Dan - Yes. There's a number of camps on this, but there is no doubt, there's a genetic predisposition to being able to do exercise. We know that there are certain genes that seem to describe whether you are an endurance athlete, whether you are maybe a high jumper. But we also are starting to recognise now that there are genes that actually describe why people don't respond to exercise. I'm sure everybody is suddenly going, "Well, this explains everything. That's why I don't go to the gym."  And we're starting to understand - it's about 1 in 10 - that's a quite high number - would potentially be a non-responder to cardiovascular exercise which is the predominant form of exercise we talk about in terms of maintaining a healthy lifestyle. I say to my students, "If you're not an Olympic athlete, it's very simple. Just blame your parents" because that's really the backdrop to everything you do. You're working within the genes that you're given.

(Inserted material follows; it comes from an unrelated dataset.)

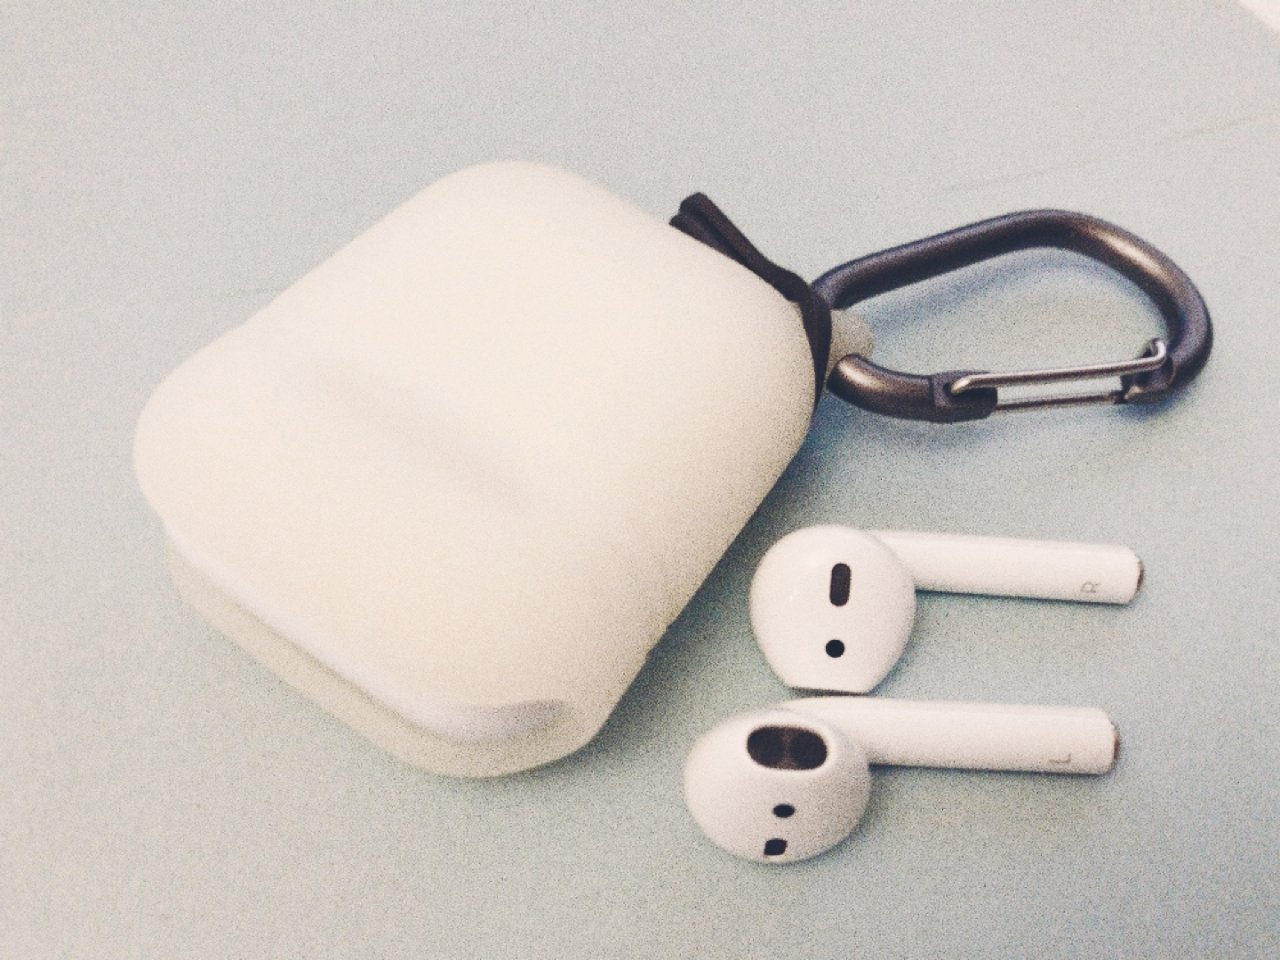 Airpods 轻松配对台式机当麦克风...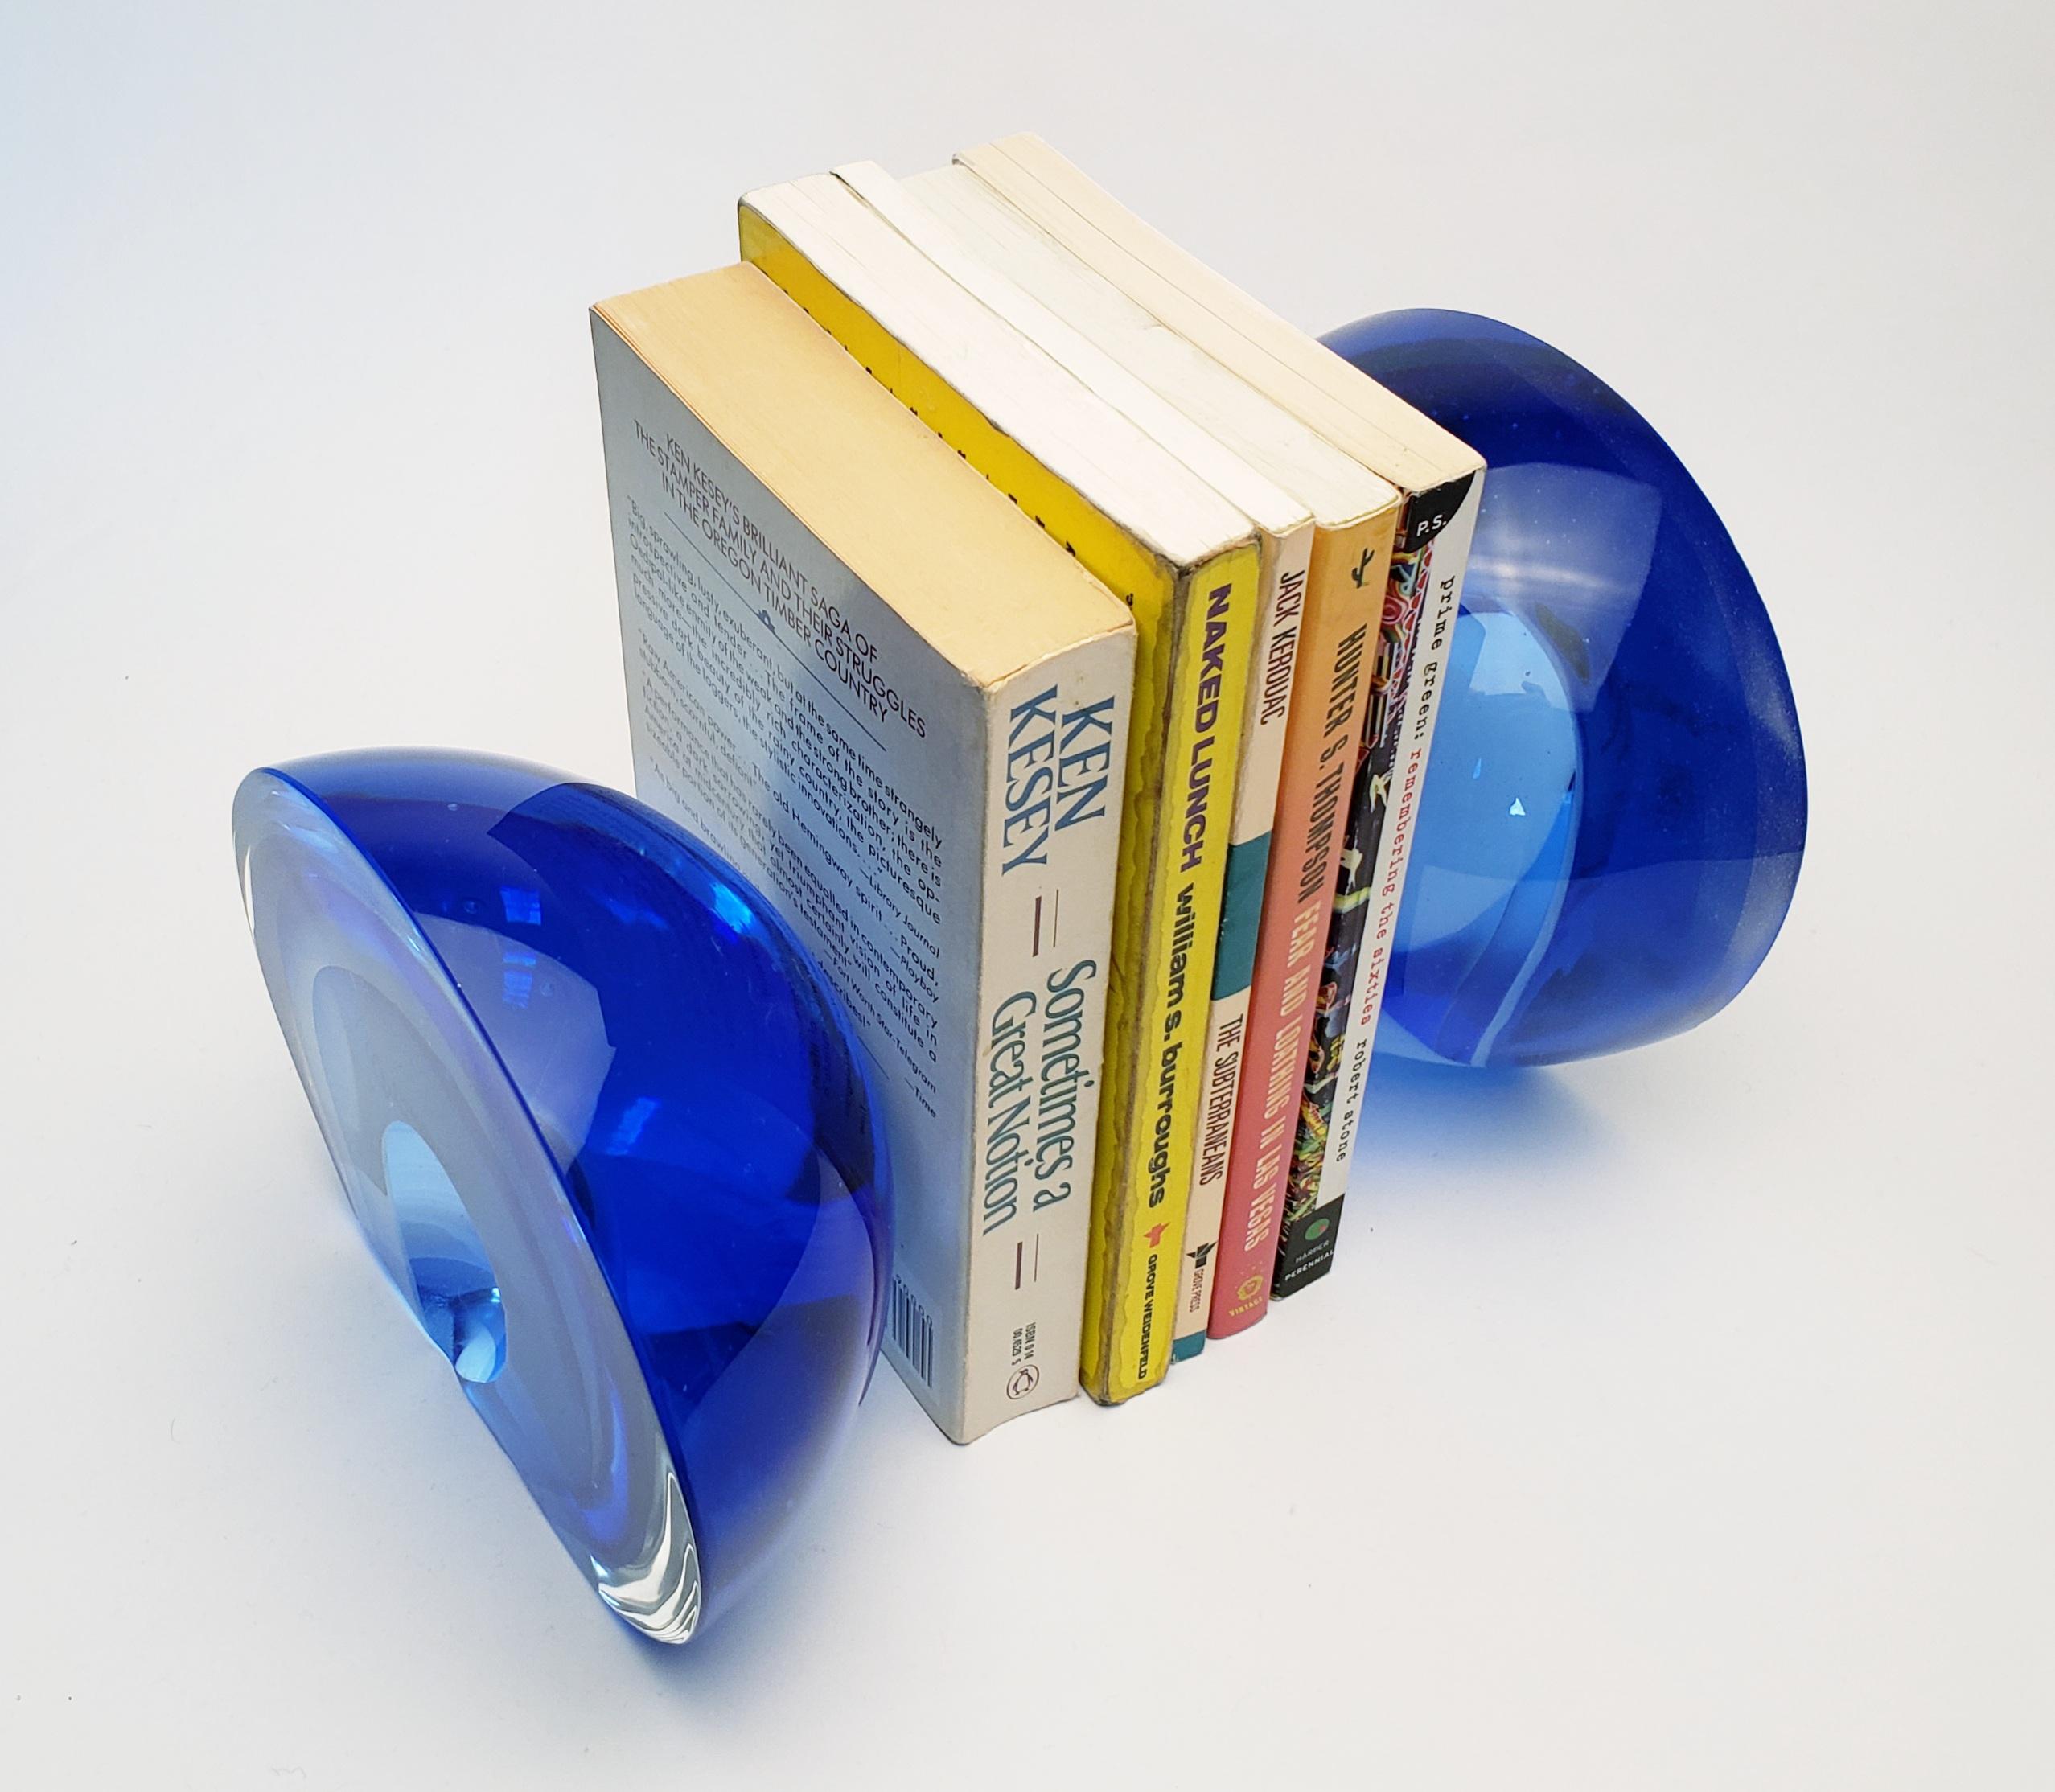 The Sonic Bookends design was created with the intent of recreating the image of audio waves emerging from the books they are charged with keeping upright, as though to amplify the words contained on the pages. Inspired by the environmental

Chris - Anyone here got some good genes for exercise? Have we got any athletes in the audience? Are you an athlete?

Fergal - Very much an amateur athlete.

Chris - What's your event?

Fergal - Well, I row and I run.

Chris - What's your name?

Fergal - I'm Fergal.

Chris - Any questions for someone who's a professional in this? How you can make your amateur turn professional?

Fergal - Well I'd love to know, is there a correlation between fitness and VO2 max and fitness and heart rate because I know myself. I have a really low maximum heart rate, but my resting heart rate is quite low. But my maximum heart rate is about 170. I just wondered why that is.

Chris - Maybe you should start by telling people what VO2 max is.

Dan - Yeah and actually, it's interesting because that's actually where my research is.  VO2 max is what it says. It's the maximum volume (V for volume) the maximum volume of oxygen that you can take up from the air and use for the generation of energy. So, how much oxygen, there's a point where, it doesn't matter how much you take in, you can't use it. This is the primary way we assess people's cardio, respiratory fitness and to put into context, how do we do it? Pretend to put somebody on treadmill. We make them run and we make the gradient go steeper and steeper, and steeper, until they can't run. We measure the expired air and we can calculate O2 and CO2. Really, in relation in terms of VO2 max to describe fitness, it describes for cardiorespiratory fitness and cardiovascular fitness. So, we know that the best endurance athletes typically have higher VO2 max scores. The other question was about heart rate. Heart rate is a really interesting one because the perception is, that if you get cardiovascularly fitter, then you'll start to see a decrease in your resting heart rate. That's correct and we know that Tour de France cyclist can tend to have resting heart rates of about 28 beats per minute.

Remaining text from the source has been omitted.